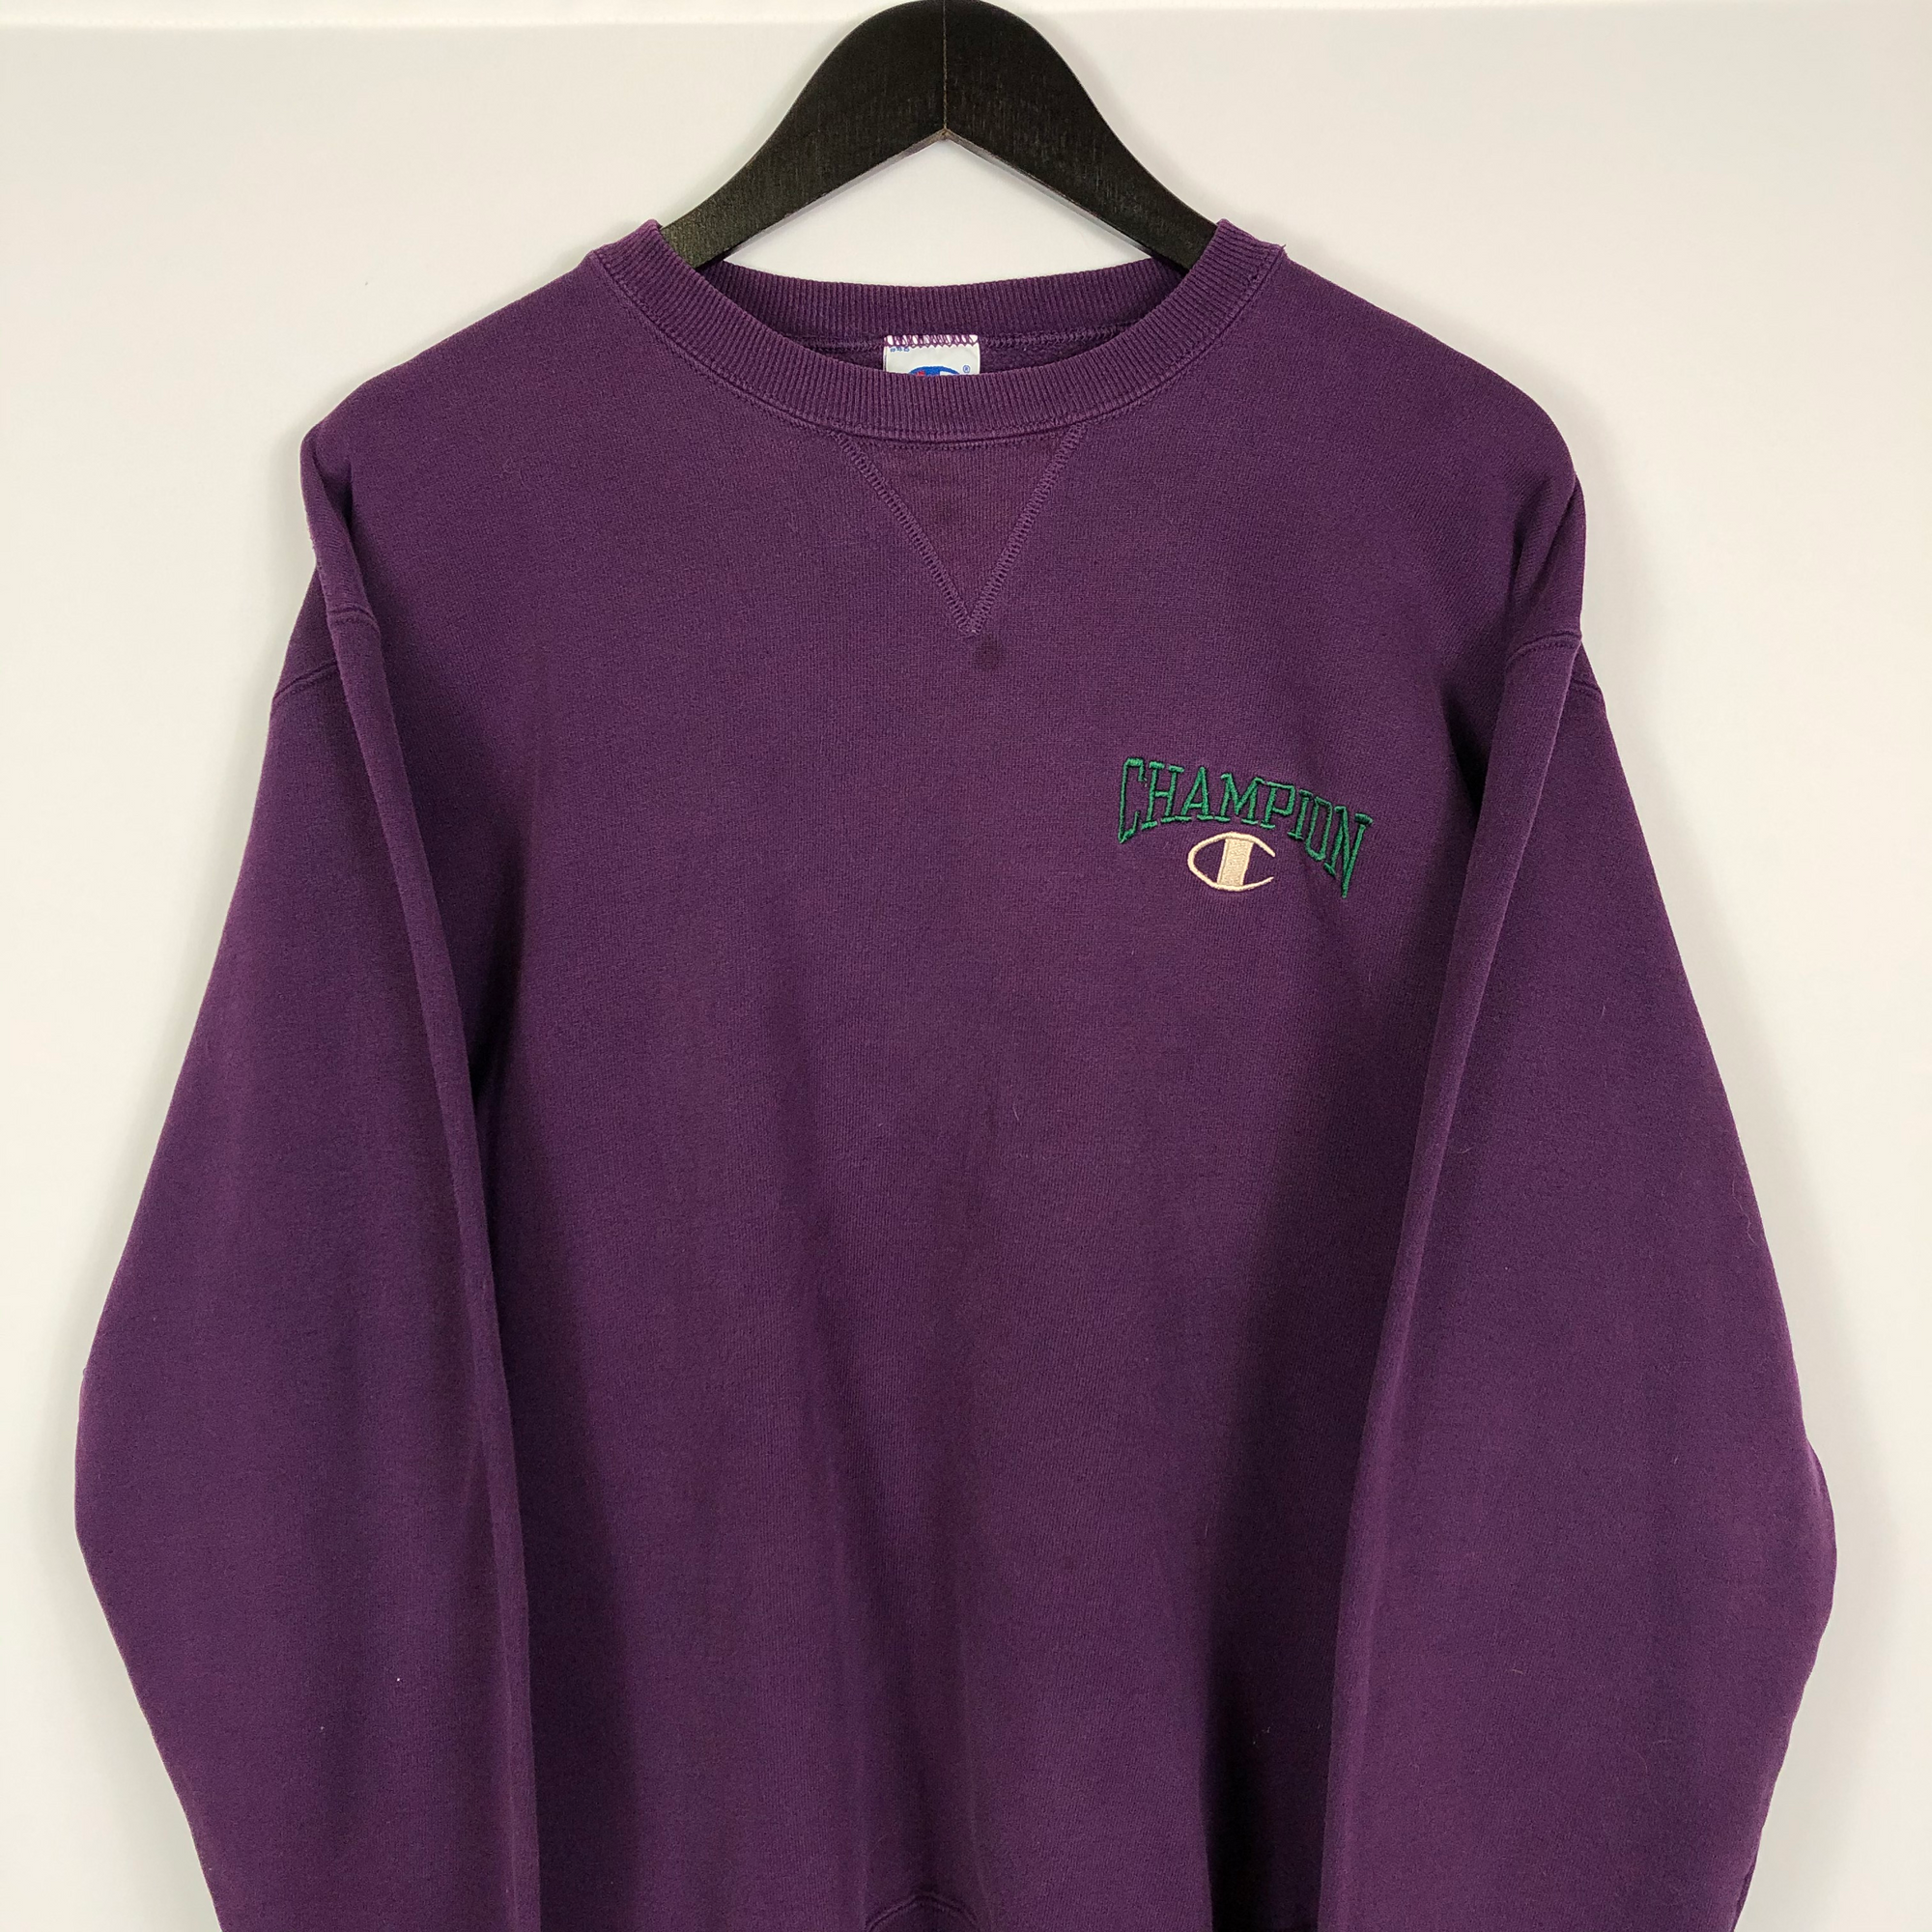 Vintage Champion Sweatshirt in Purple - XL
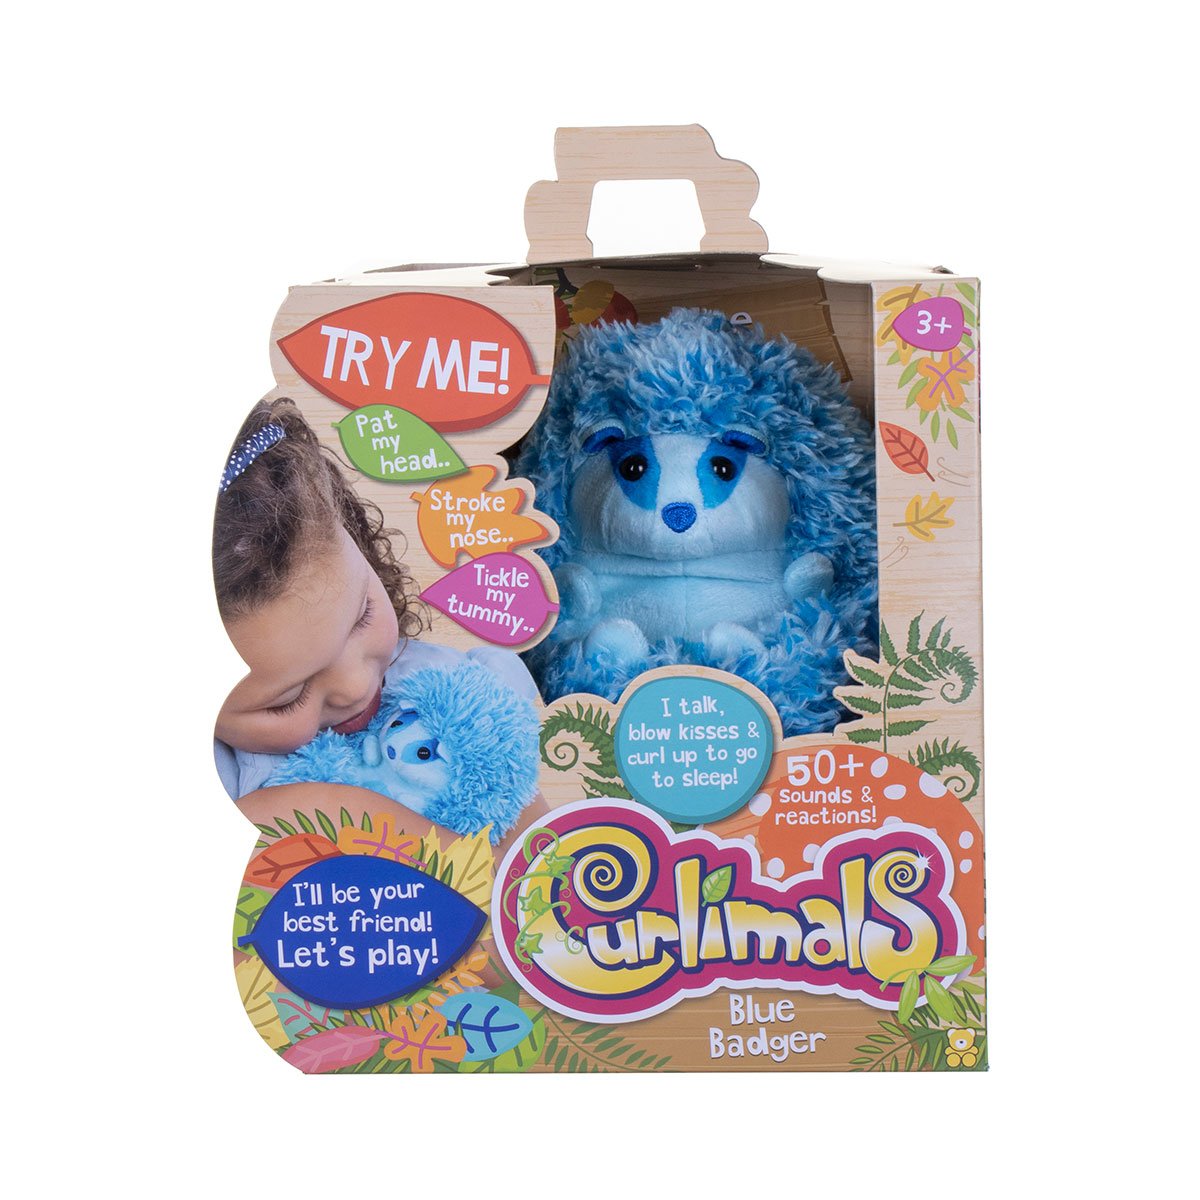 Інтерактивна іграшка Curlimals Барсук Блу (3710) - фото 11
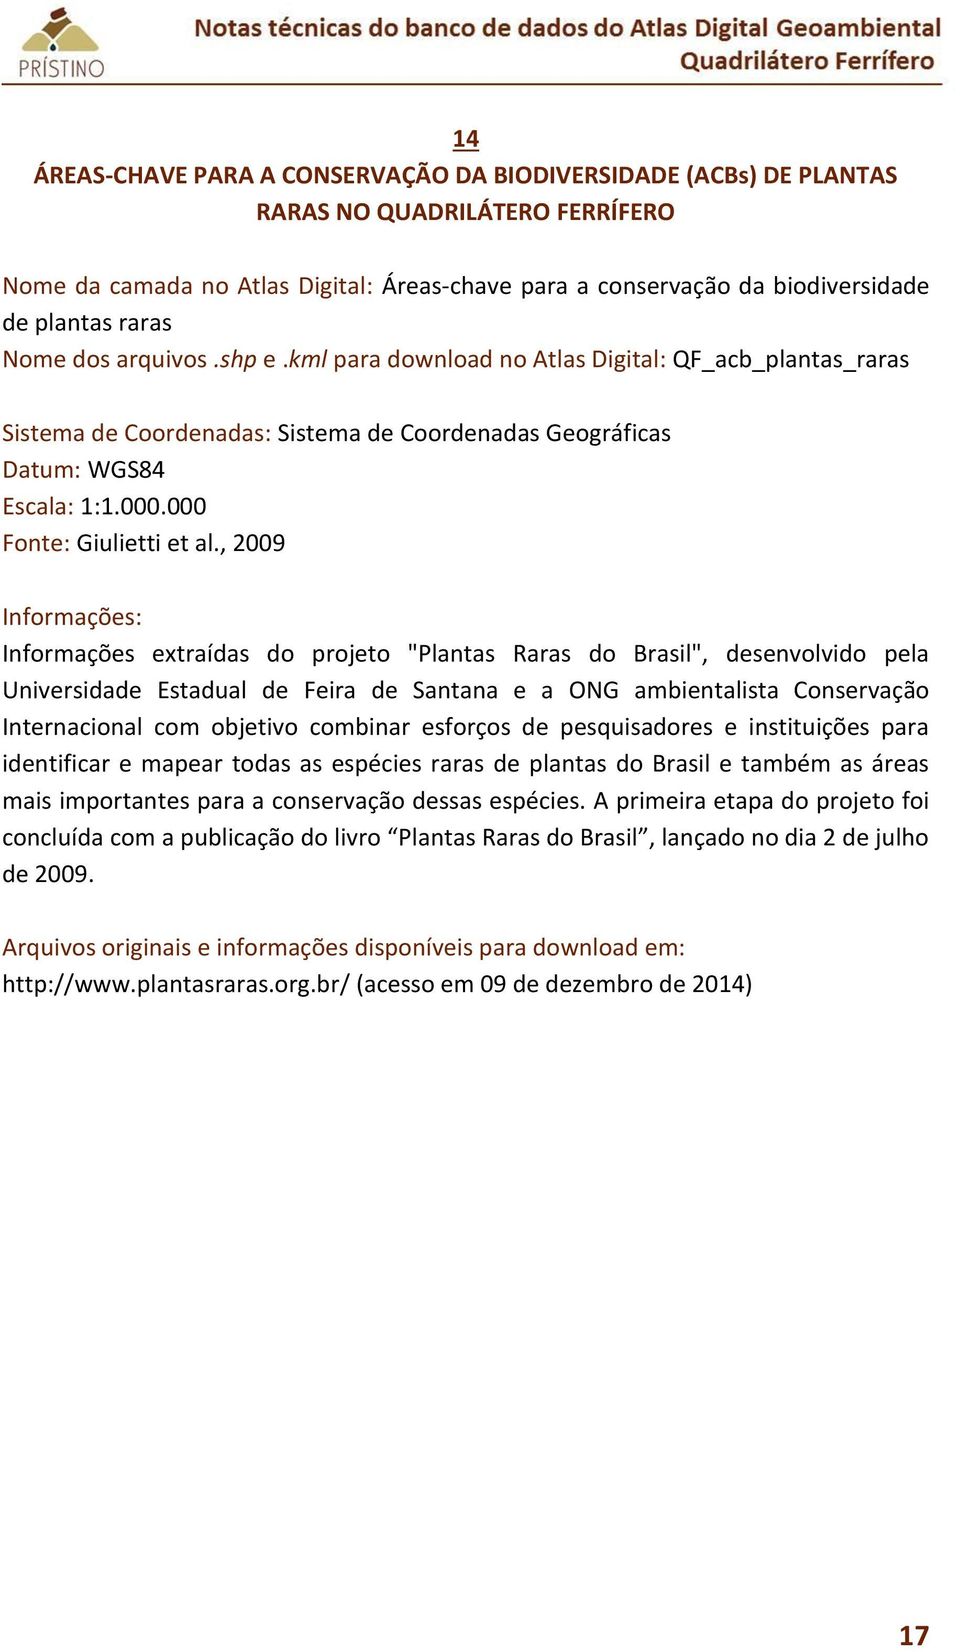 , 2009 Informações extraídas do projeto "Plantas Raras do Brasil", desenvolvido pela Universidade Estadual de Feira de Santana e a ONG ambientalista Conservação Internacional com objetivo combinar

GOAL OF THE EXERCISE
Copy out all of the listing word for word, but skip the images.

RESPONSE TO THIS EXERCISE
 Vintage Champion Sweatshirt in Purple - XL
 Інтерактивна іграшка Curlimals Барсук Блу (3710) - фото 11
 , 2009 Informações extraídas do projeto "Plantas Raras do Brasil", desenvolvido pela Universidade Estadual de Feira de Santana e a ONG ambientalista Conservação Internacional com objetivo combinar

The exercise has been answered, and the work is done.